Requirement -
The lines from the one containing "Oakland Athletics iPhone" through the last one in the data: please copy those exactly, and only those, without the pictures.

═════ Data excerpt ═════

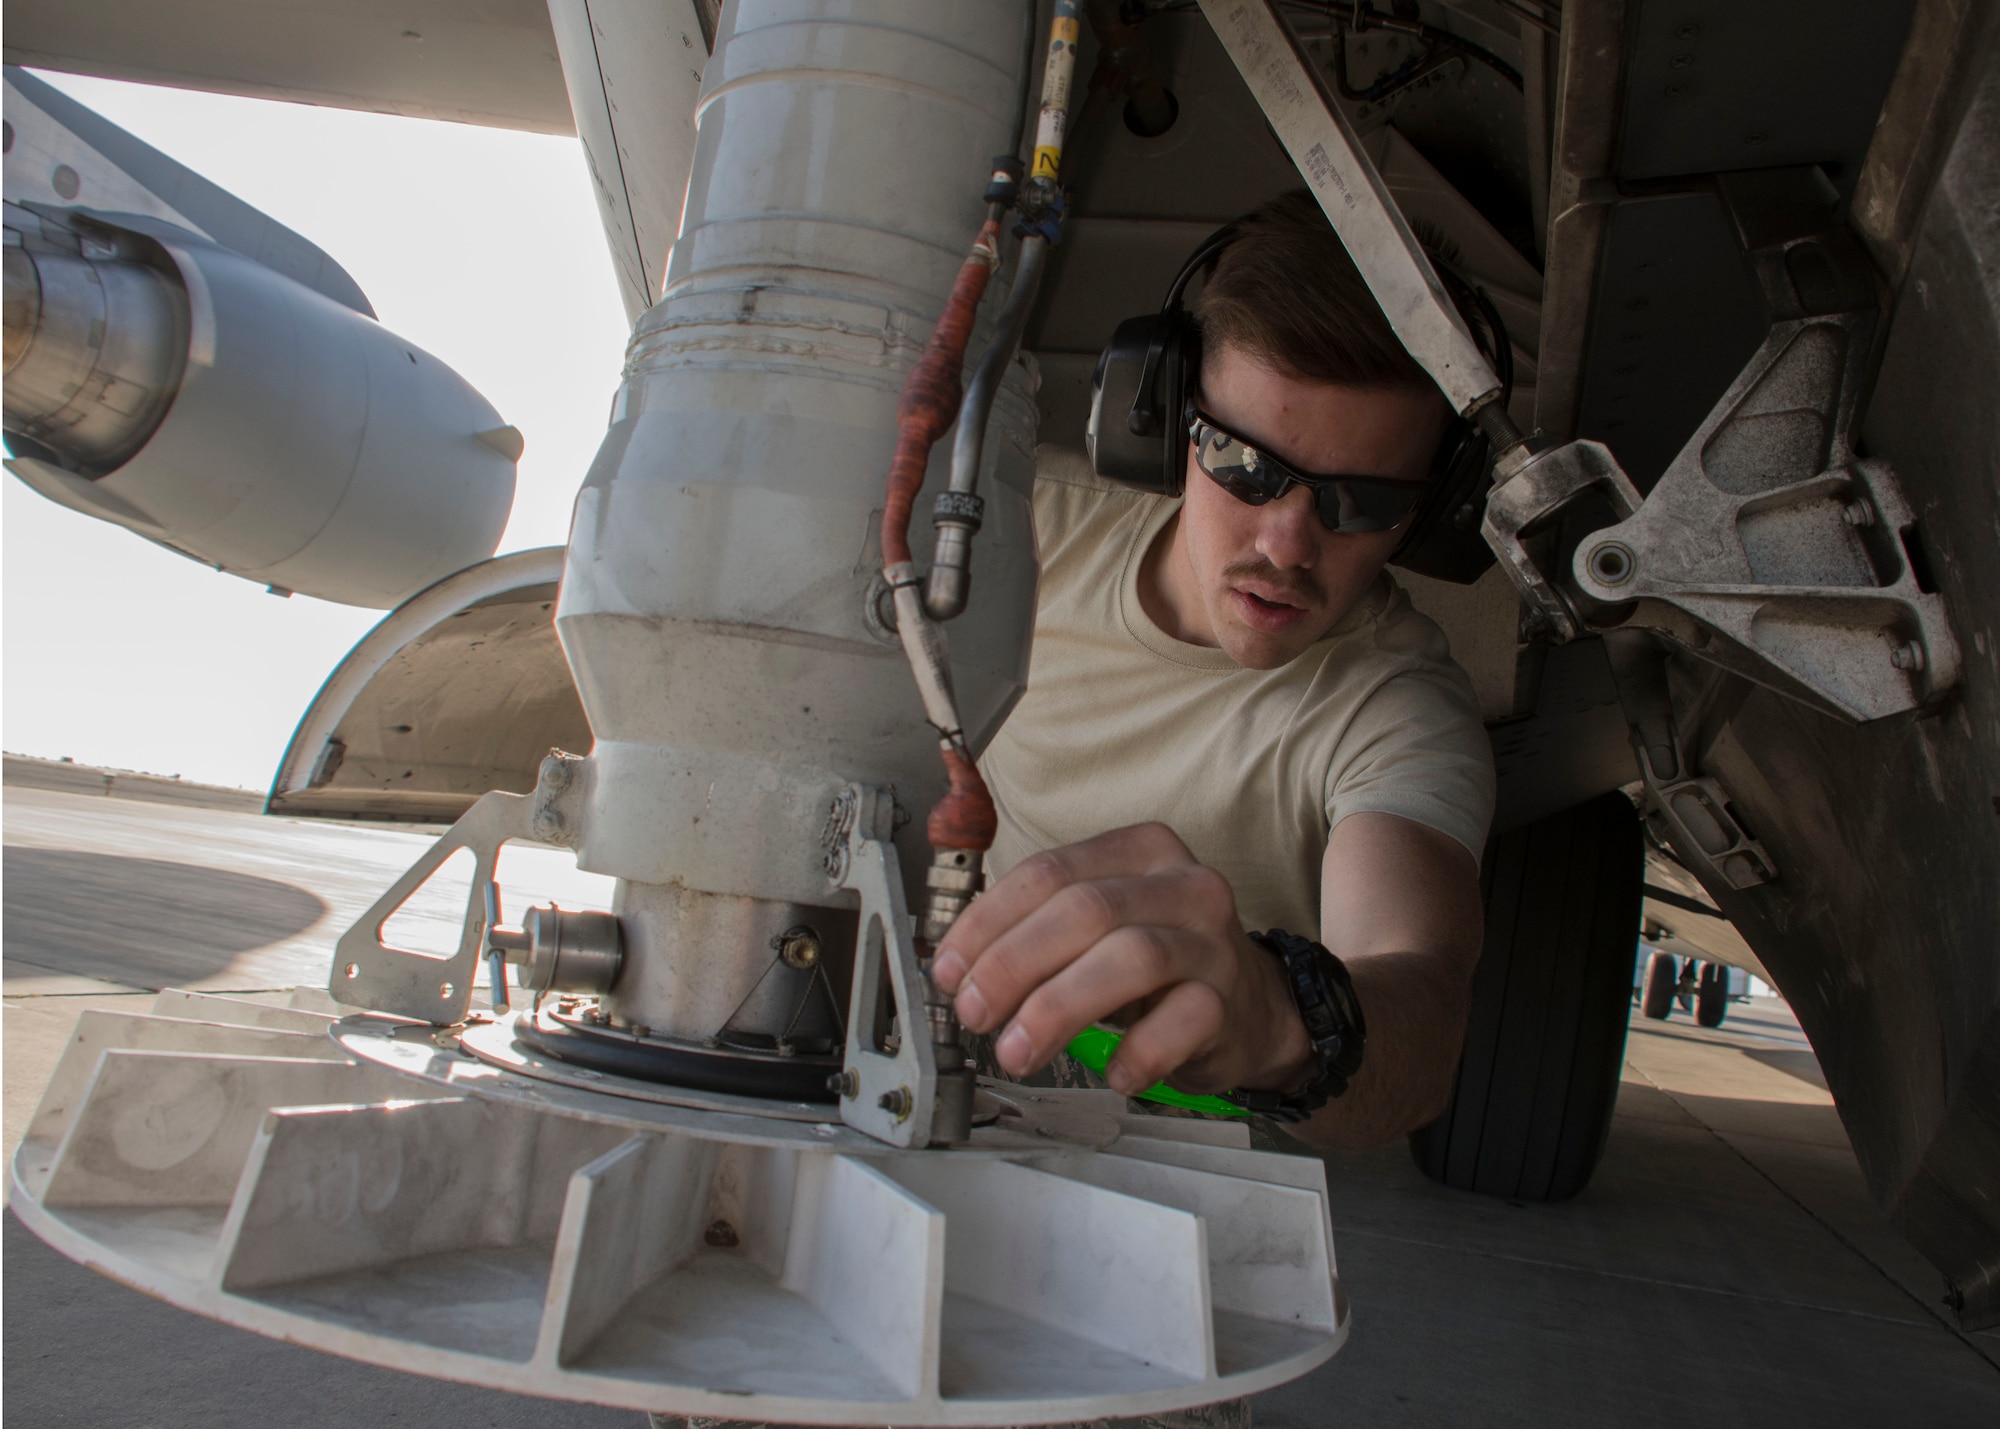 Airman 1st Class Nathan Travis, a 5th Expeditionary Air Mobility Squadron aircraft electrical and environment systems journeyman, inspects wiring on the stabilizer strut of a C-17 Globemaster III at an undisclosed location in Southwest Asia Jan. 13, 2017. Crew chiefs from the small squadron rely on specialists such as electricians to help out with inspections. (U.S. Air Force photo/Senior Airman Andrew Park)
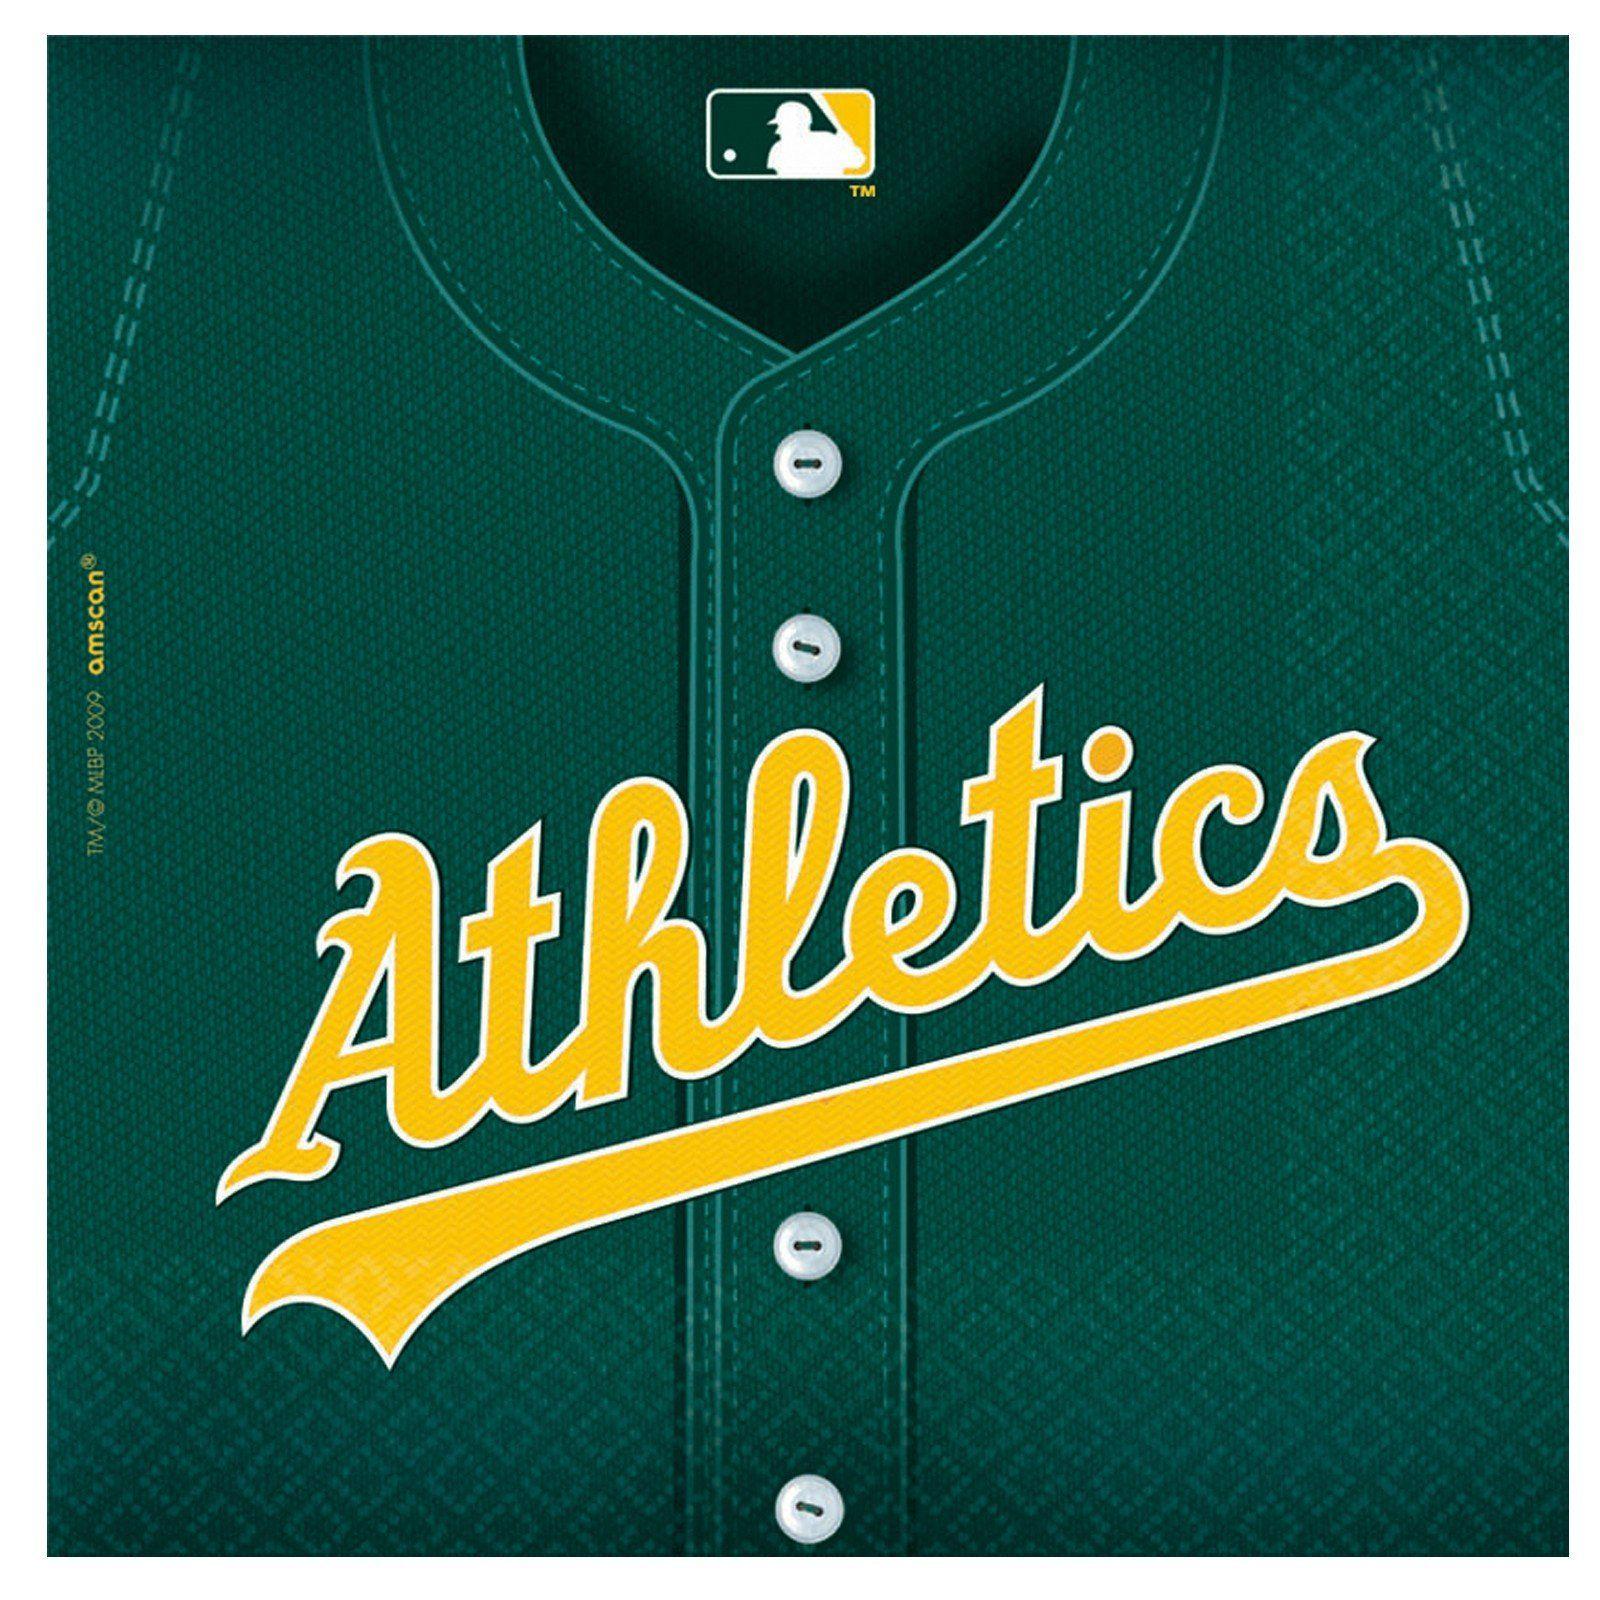 Oakland Athletics iPhone Wallpaper, Will be putting on my i…
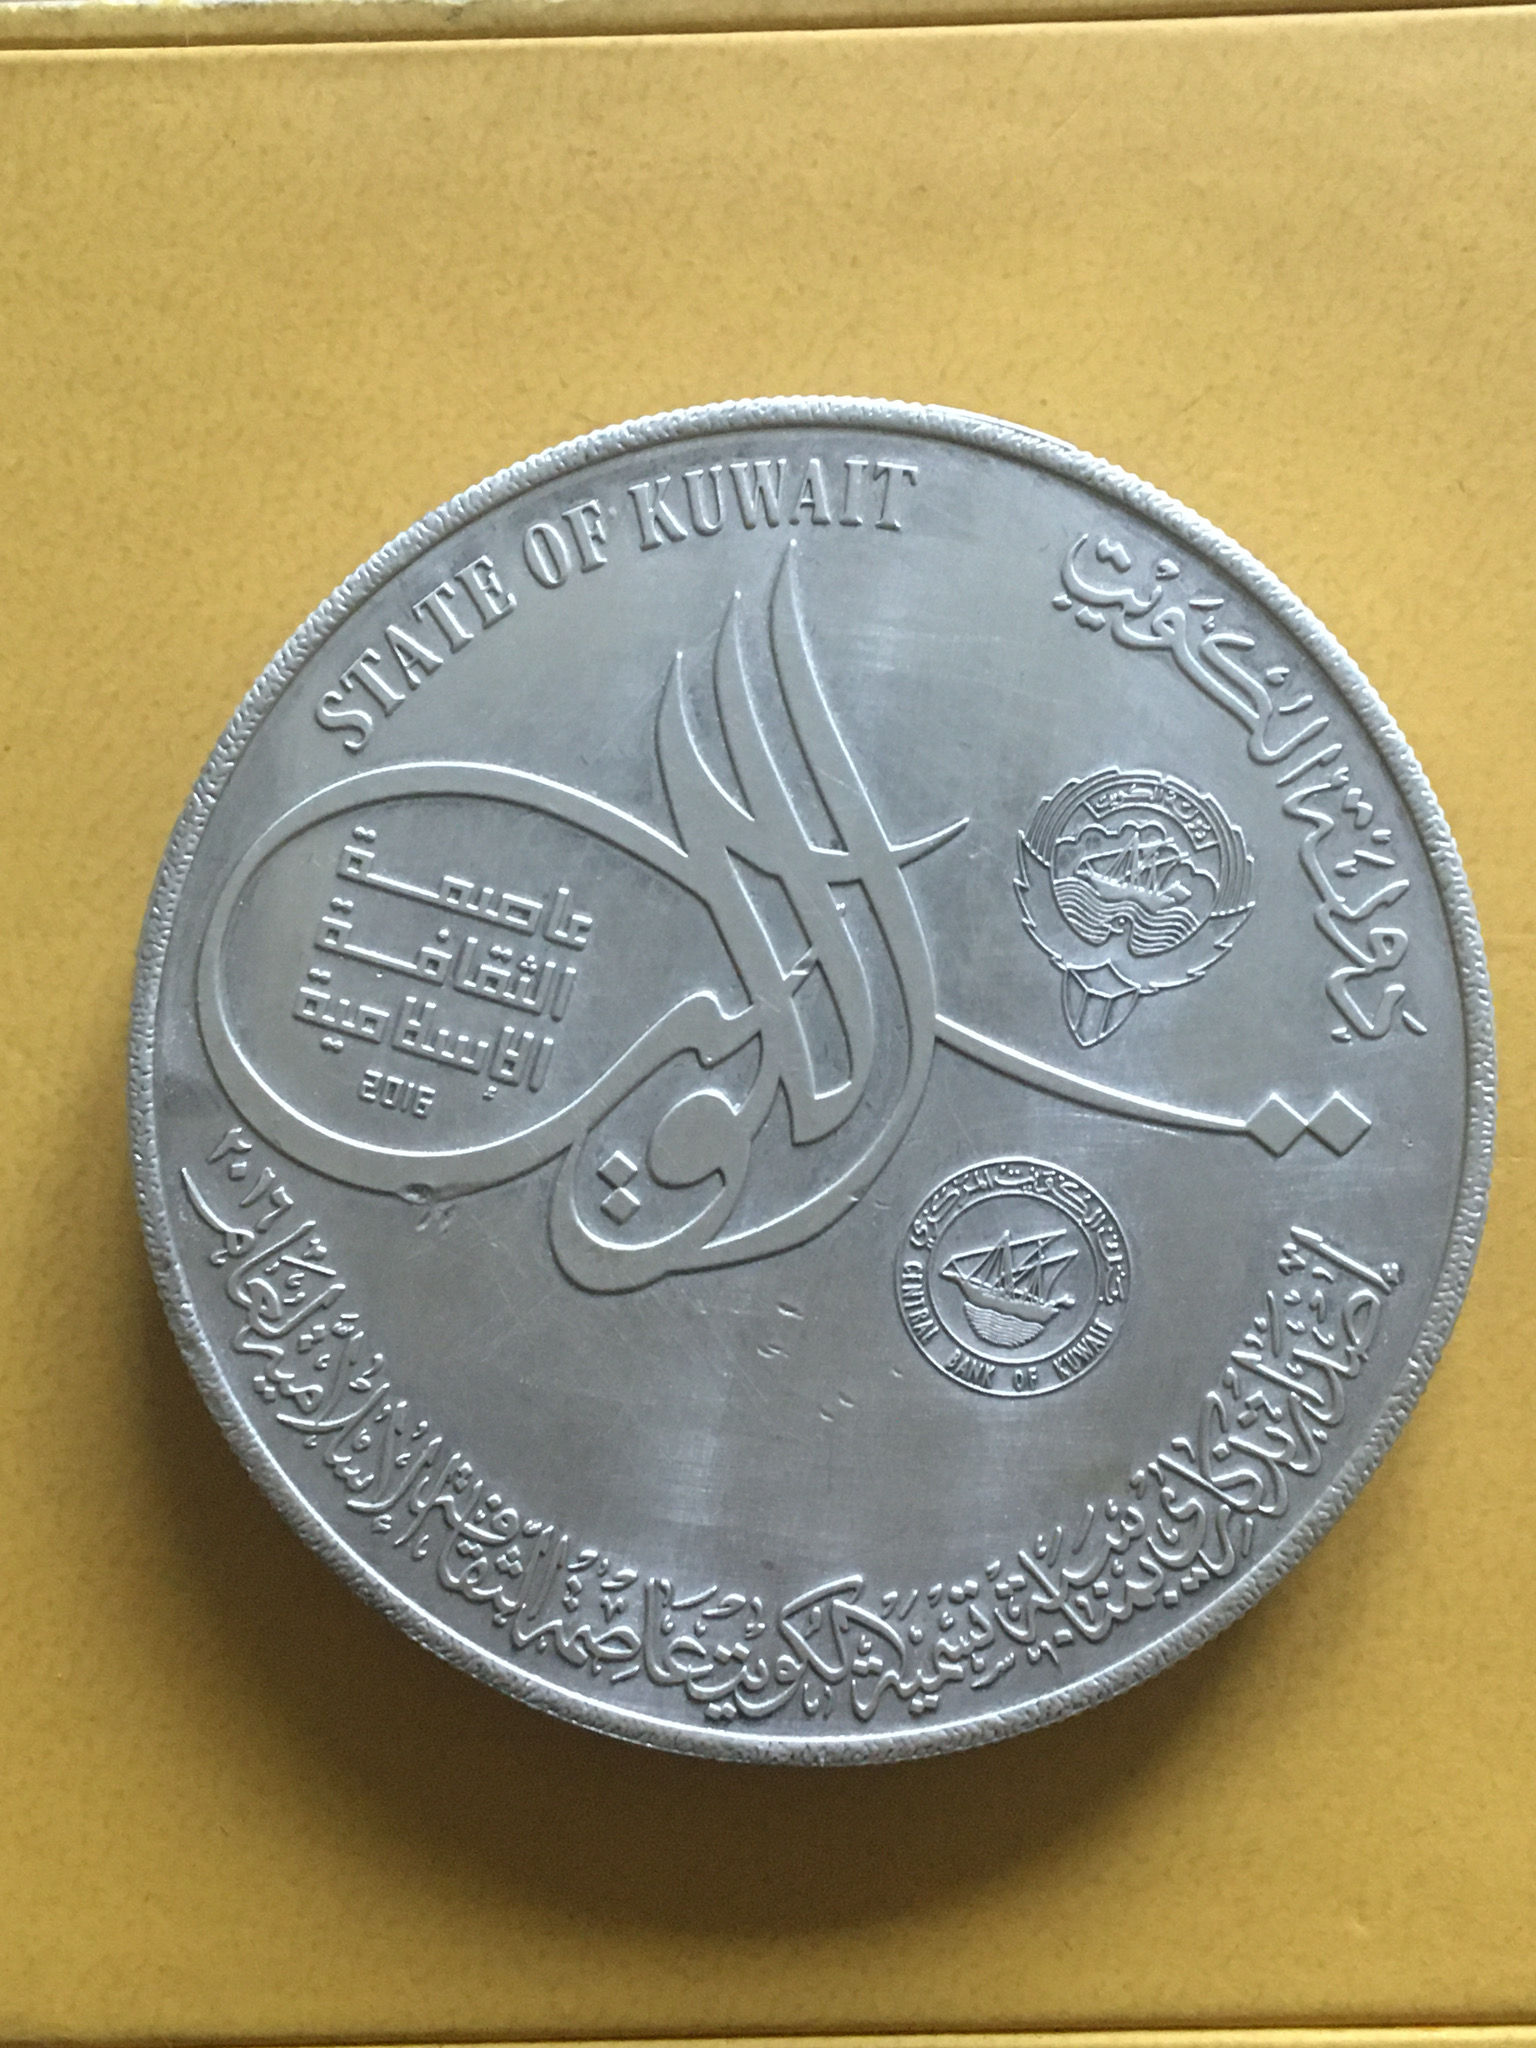 2016 Kuwait Capital of Islamic Culture 10 Dinars Silver Coin Only 110 Psc Minted

═════

Exercise answer -
 Oakland Athletics iPhone Wallpaper, Will be putting on my i…
 2016 Kuwait Capital of Islamic Culture 10 Dinars Silver Coin Only 110 Psc Minted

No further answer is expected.